Show that $3P_{\lceil n \rceil}-2=\sum_{k=1}^{A}\left(4-\left\lceil \frac{\pi(k)}{n}\right\rceil^2\right) $ We proposed a formula for calculating nth prime number using the prime counting function.
Where $\lfloor x\rfloor$ is the floor function and $\lceil x\rceil$ is a ceiling function.
$\pi(k)$ is prime counting function and $ P_n $ the nth prime number.
Let $A=\lfloor 2n\ln(n+1)\rfloor$
Where $n \ge 0.9 $ (n MUST be a decimal number). [why n must be a decimal number I don't know, we will leave that to the authors to explain to us the reason for it]
Formula for calculating the nth prime,
$$ 3P_{\lceil n \rceil}-2=\sum_{k=1}^{A}\left(4-\left\lceil \frac{\pi(k)}{n}\right\rceil^2\right)  $$
 A: Dusart showed that $\pi(n) \ge n (\log n + \log \log n - 1)$ for $n\ge 2$.  From it's not too hard to calculate that for any $n\ge 2$,
$$\pi(2n) \ge 2n (\log 2n + \log \log 2n - 1) \ge 2n( \log n + \log \log 2n - 0.307) > A.$$
In particular (ignoring very small values of $n$), for all values of $k$ in the sum, $\pi(k) < 2n$, which means the summand is never negative.  It is also precisely $0$ whenever $n < \pi(k) < 2n$.  So the only contribution is from $\pi(k) \le n$.

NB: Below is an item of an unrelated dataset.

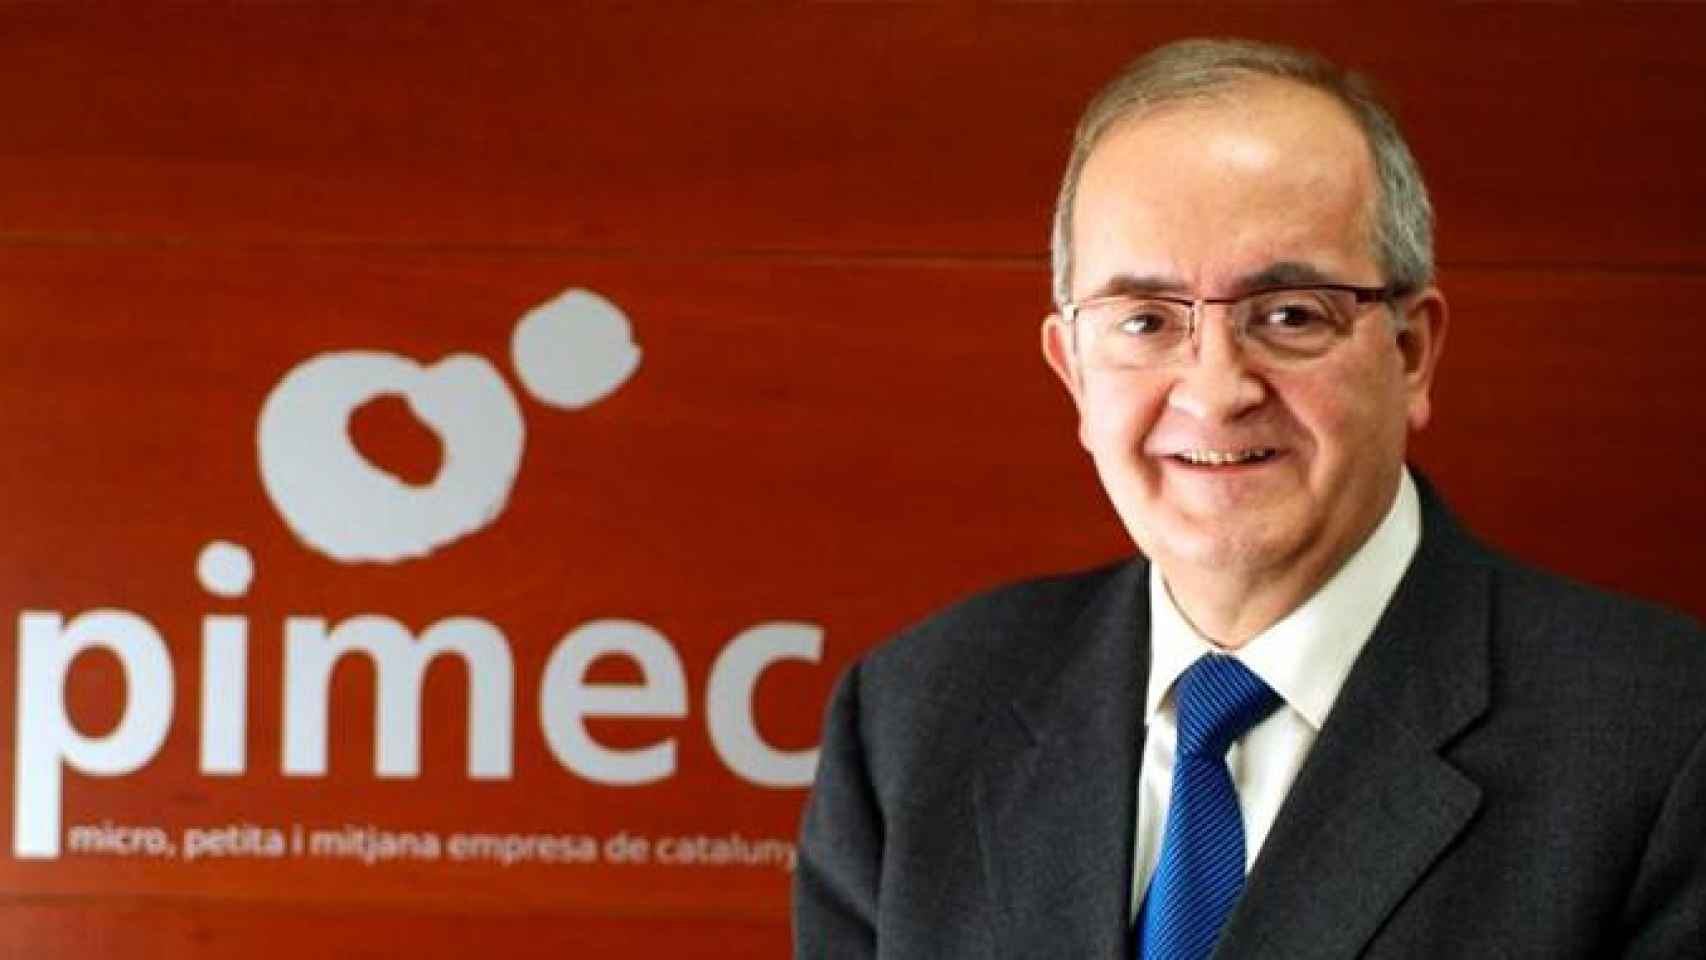 El presidente de Pimec, Josep González / PIMEC

Since $n$ is fractional, $\pi(k)$ is never exactly $n$.  The first value of $k$ for which $\pi(k) > n$ is $P_{\lceil n \rceil}$, so the last contributing term is $k=P_{\lceil n \rceil}-1$.  Meanwhile $\pi(k)$ is always positive except for the first term $\pi(1)=0$.  So the RHS simplifies to
$$4 + \underbrace{3 + 3 + \cdots + 3}_{P_{\lceil n \rceil}-2} + 0,$$
which is a very boring sum that simplifies to $3P_{\lceil n \rceil} - 2$ for elementary reasons that have nothing to do with number theory.  Consequently, this "formula" for the $n$th prime provides no insight whatsoever into the distribution of primes because it is essentially the trivial identity that $3p = \sum_1^p 3$.